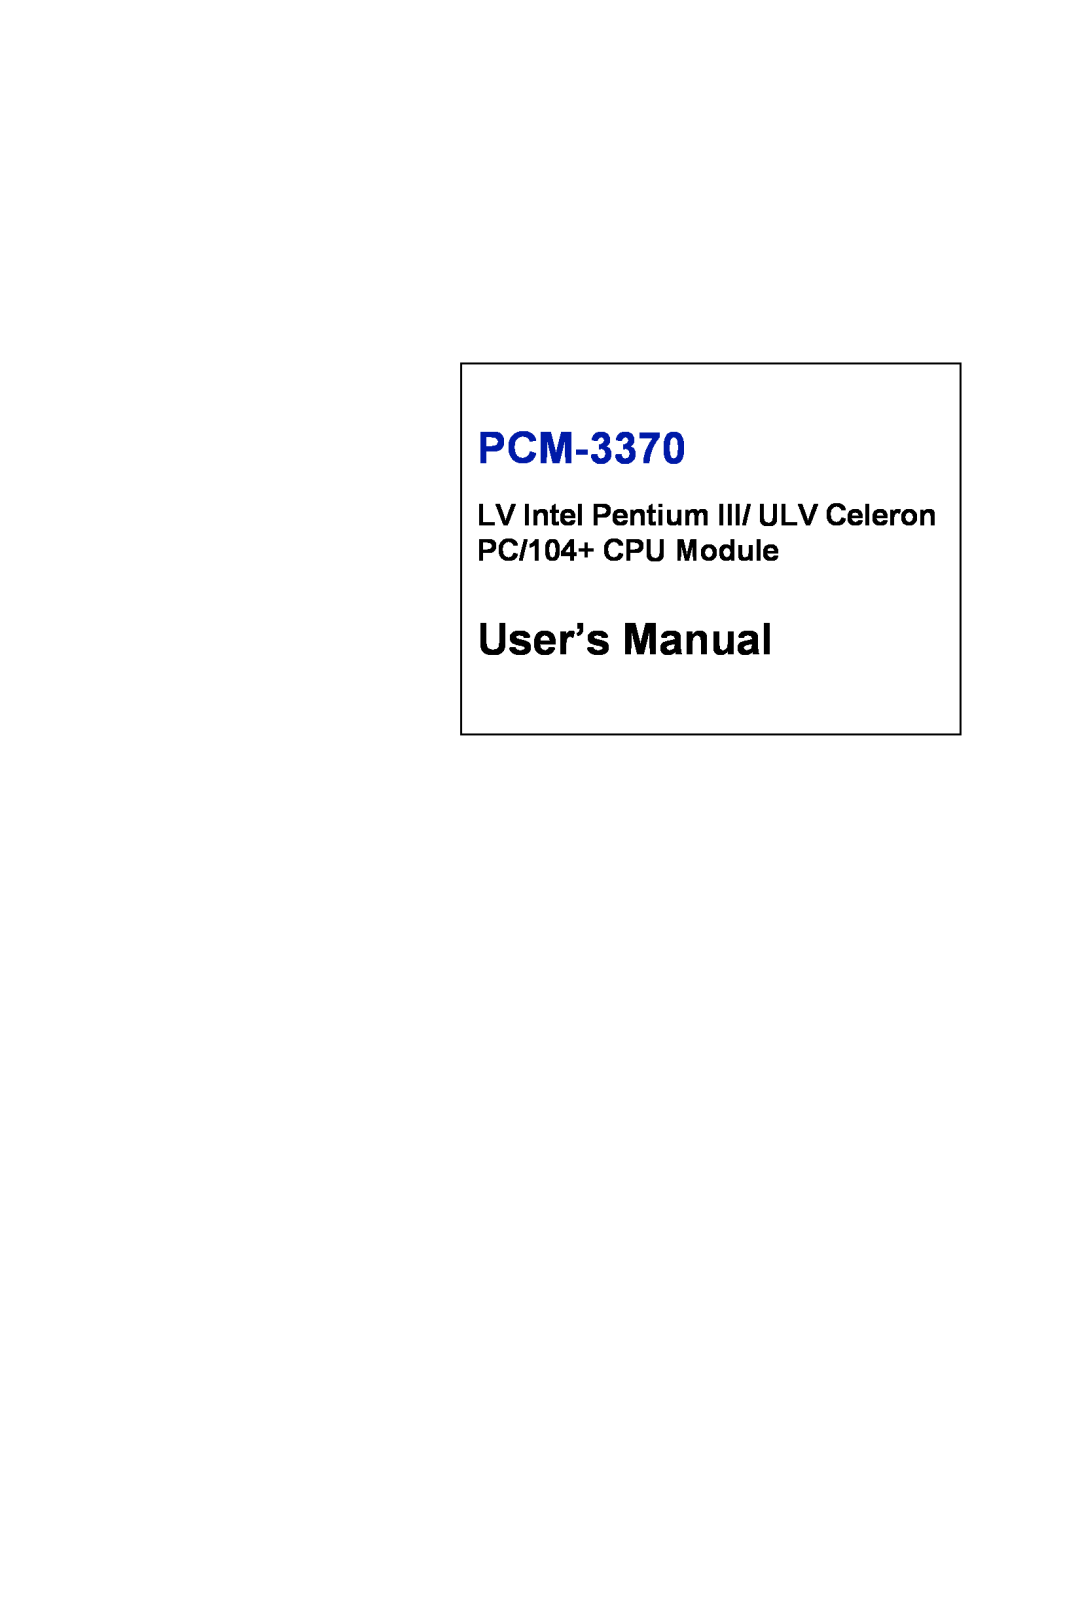 Intel PCM-3370 user manual User’s Manual, LV Intel Pentium III/ ULV Celeron PC/104+ CPU Module 
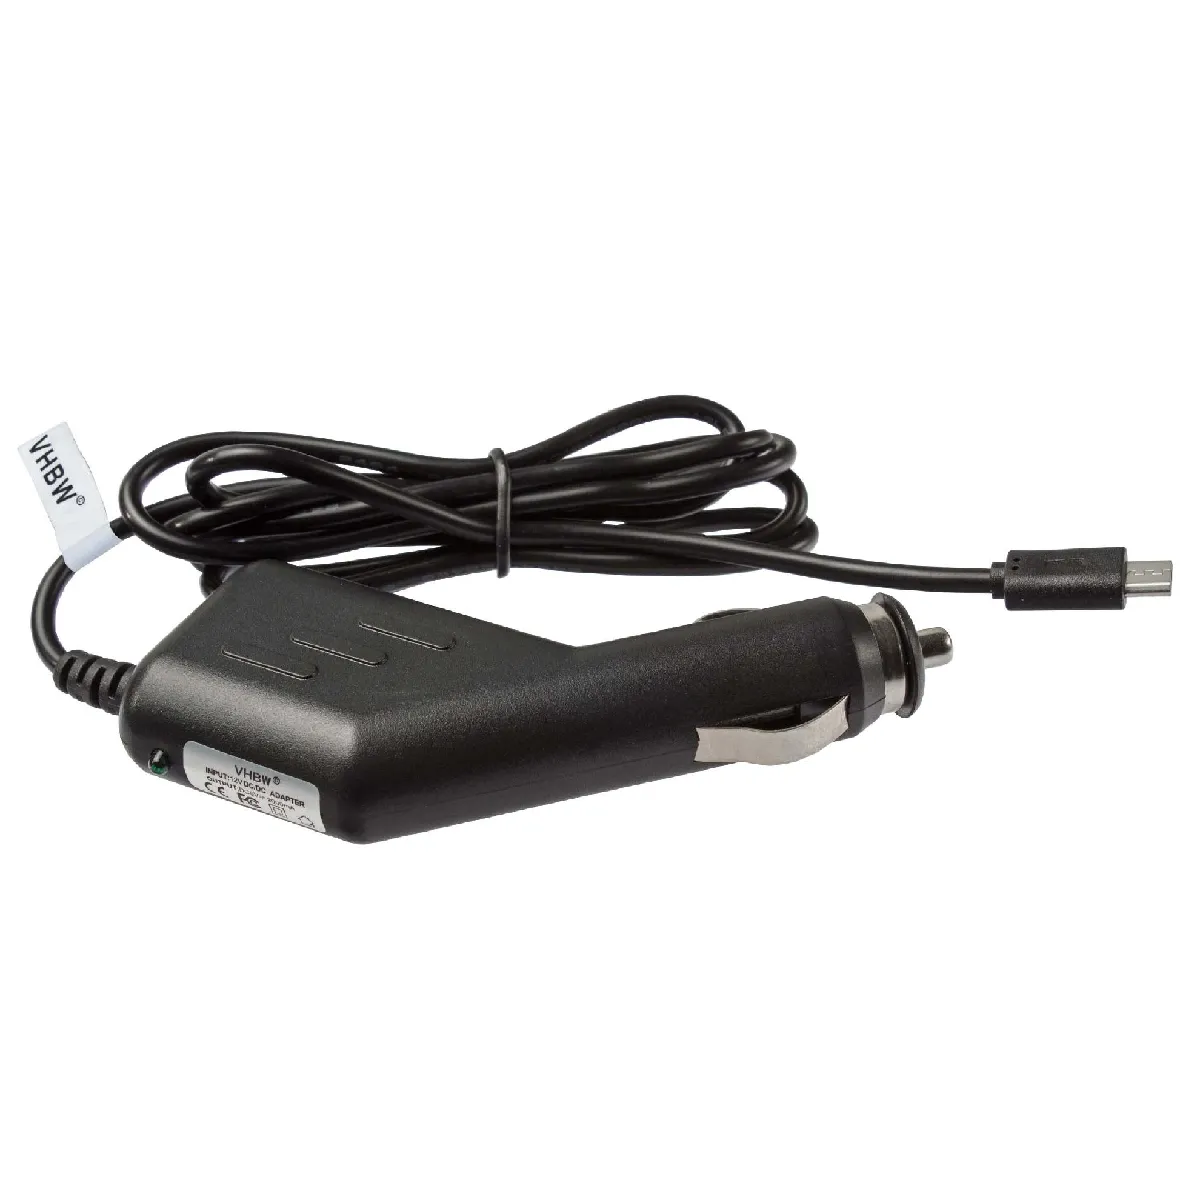 Chargeur allume-cigares (2A) avec Micro-USB pour Acer beTouch E110 E120 E130 E310 E320 E400 Liquid Metal Stream NeoTouch P300, P400
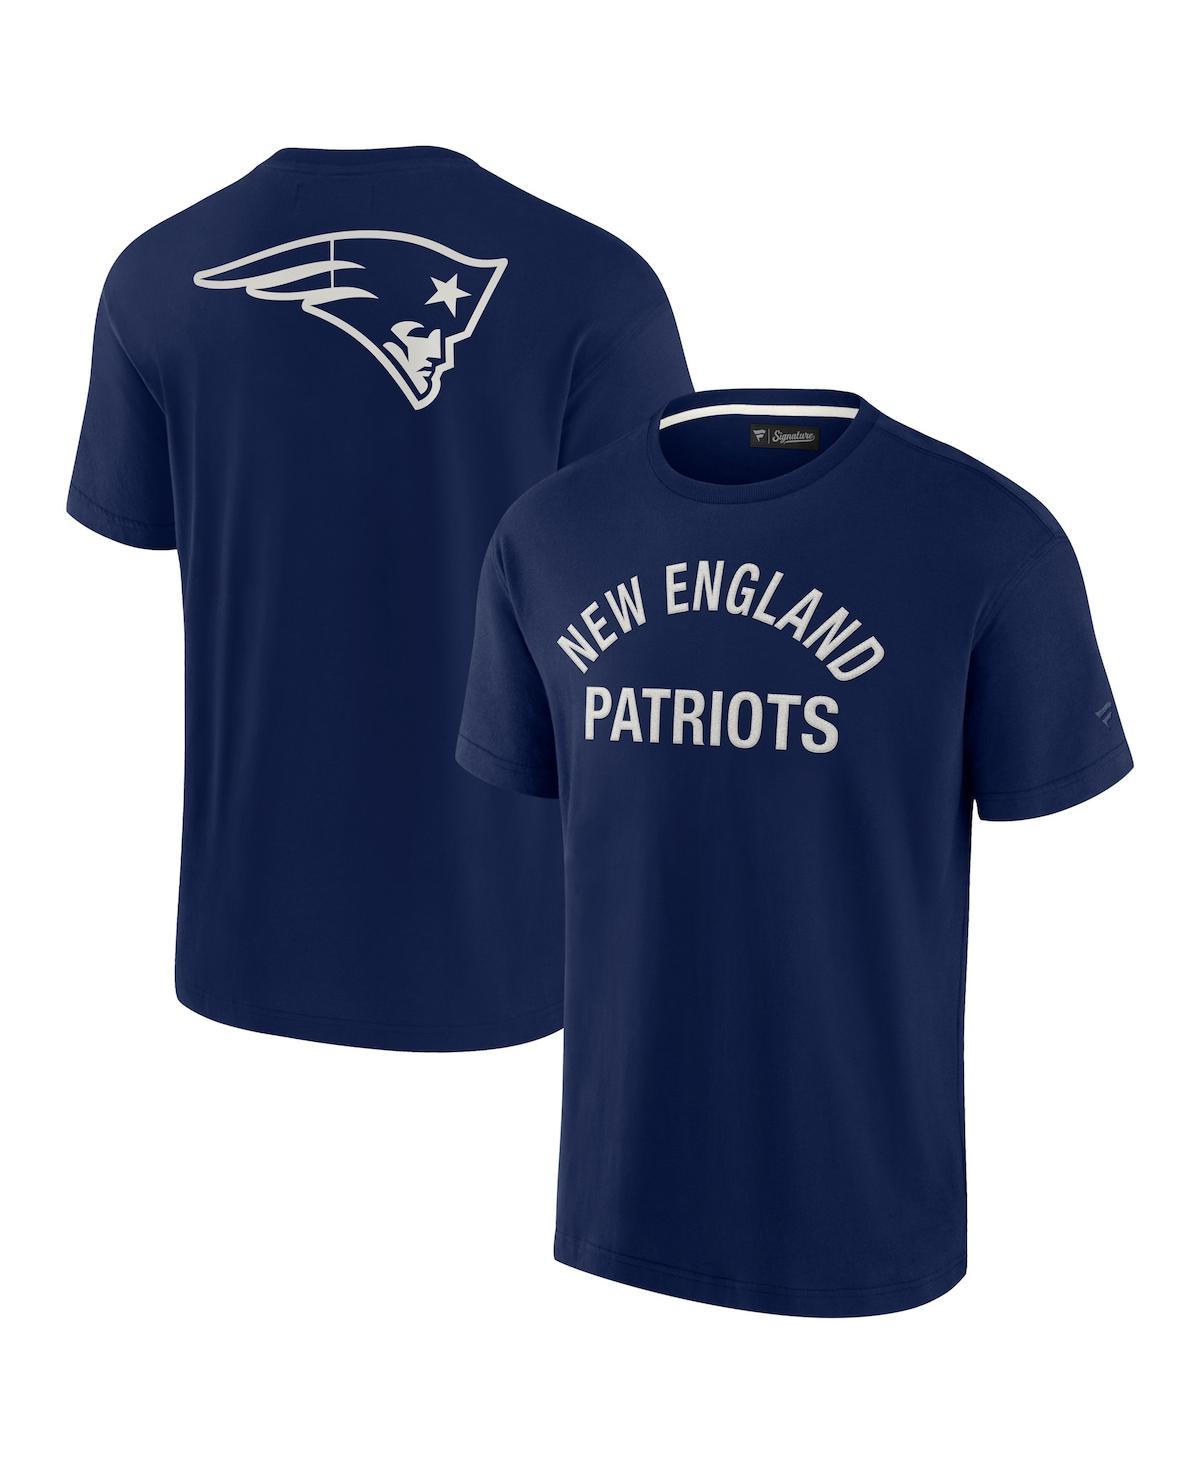 Fanatics Signature Men's And Women's  Navy New England Patriots Super Soft Short Sleeve T-shirt

■ ■ ■ ■

Retype the entire listing exactly as it appears, dropping only the pictures.

Response:
 Intel PCM-3370 user manual User’s Manual, LV Intel Pentium III/ ULV Celeron PC/104+ CPU Module 
 Chargeur allume-cigares (2A) avec Micro-USB pour Acer beTouch E110 E120 E130 E310 E320 E400 Liquid Metal Stream NeoTouch P300, P400
 Fanatics Signature Men's And Women's  Navy New England Patriots Super Soft Short Sleeve T-shirt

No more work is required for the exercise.